Comparison of policy approaches

A simple comparison of jurisdictional policy approaches helps illustrate how these pieces fit together. The table below summarises typical strengths, common policy tools, and recurring challenges for different types of regimes

Jurisdiction type Typical strengths Common policy tools Recurring challenges
Unitary, offshore-focused (example: Norway) Clear national control over offshore storage and fast decision-making State planning, grants, integration with national carbon frameworks Concentration of power can create blind spots if oversight is weak
EU-aligned unitary (example: Netherlands) Strong alignment with EU rules and coordinated planning Technology-neutral auctions, tariff oversight, CCfDs High public scrutiny and need for robust consultation
Federal with provincial autonomy (example: Canada) Crown tenure options and provincial cluster leadership Investment tax credits, provincial grants, compliance linkages Coordination across subnational rules and timelines
Federal split (example: Australia) Specialized offshore frameworks and state onshore approaches Grants, safeguard reforms, evolving credits Variation between states creates legal friction
Multi-agency unitary (example: UK) Specialized regulators for licensing, economic oversight, and environmental checks CCfDs, RAB pilots, clear licensing stages Coordination and funding responsibilities can slow decisions

Conclusion

Good policy design is less about copying one model and more about combining a few practical principles in a way that fits the country’s legal and political context.

  • Tie CCUS into national climate and carbon accounting systems so stored tonnes are consistently treated as ‘not emitted’ and leakage is addressed.
  • Embed lifecycle licensing gates into primary law but allow technical and economic details to be updated through regulation and guidance as operational experience grows.
  • Clarify pore space rights and provide practical tools — such as unitisation rules or fair expropriation procedures — to assemble storage areas when the public interest requires it.
  • Define clear closure and liability transfer tests and set up ringfenced contingency funds to handle long-term monitoring and residual risks.
  • Require non-discriminatory access to shared infrastructure under transparent tariffs, backed by independent oversight.
  • Establish measurement, reporting and verification (MRV) and data transparency infrastructure at the hub scale, and align standards with international rules for cross-border projects.
  • Design incentives that create durable demand — linking public support to market prices where possible or using CCfDs and RABs to address specific market failures.
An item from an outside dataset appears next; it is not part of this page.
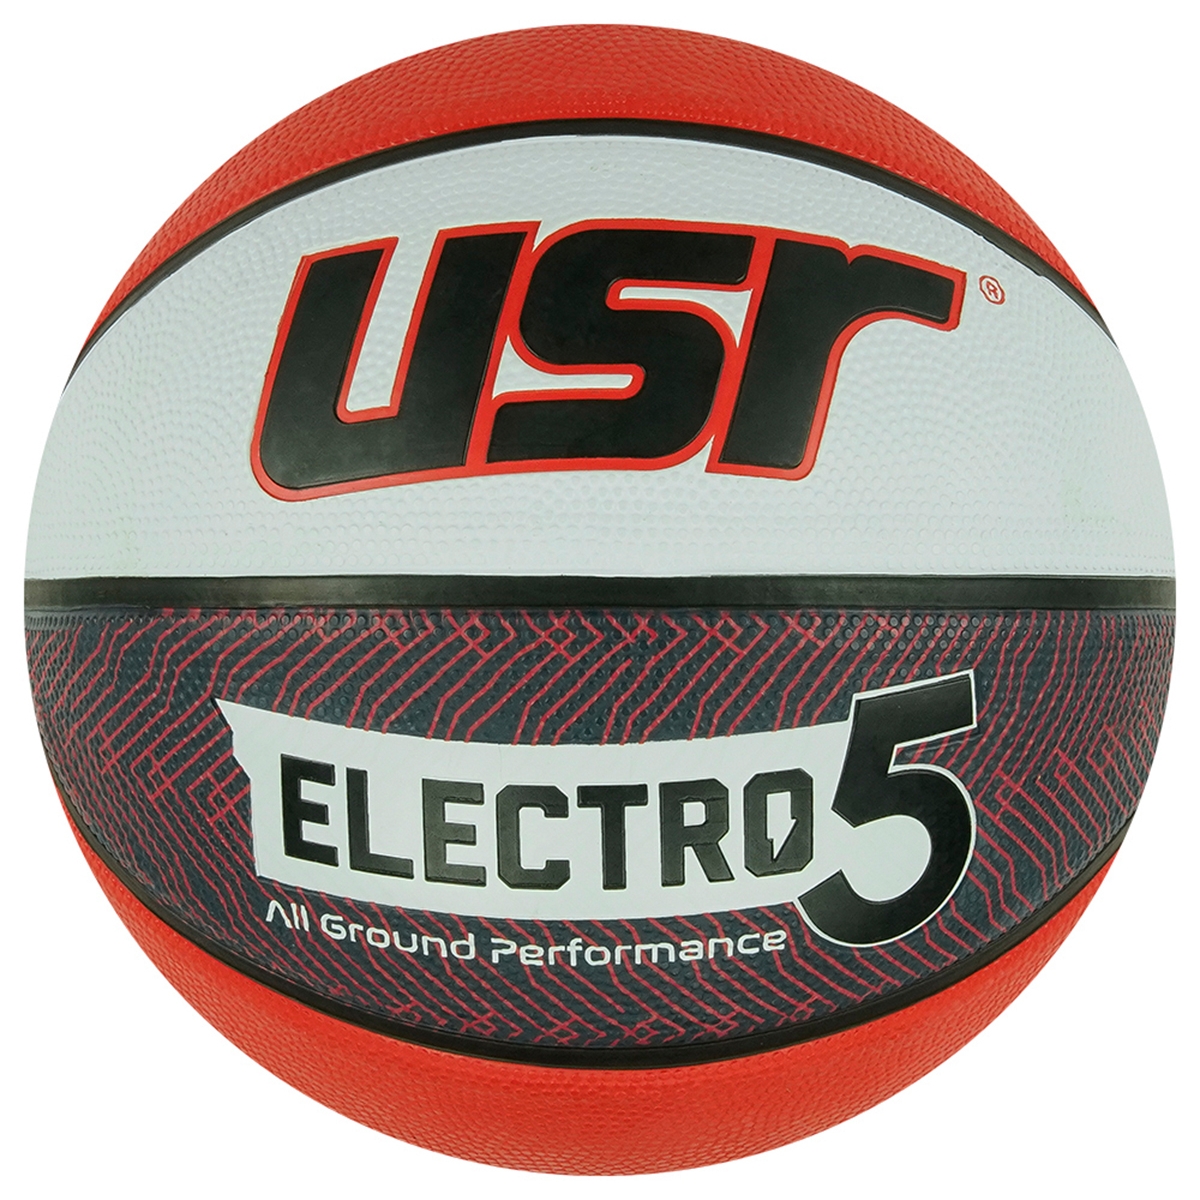 Electro5.2 Kauçuk 5 No Basketbol Topu

Taken together, these elements can move CCUs from pilot projects to a portfolio of commercially viable facilities that support decarbonisation at scale. The institutional challenge is substantial, but it is also achievable. With clear roles, predictable incentives, robust monitoring, and strong public engagement, countries can build the legal and regulatory architecture that lets carbon capture deliver on its promise without shifting undue risk to states, taxpayers, or communities.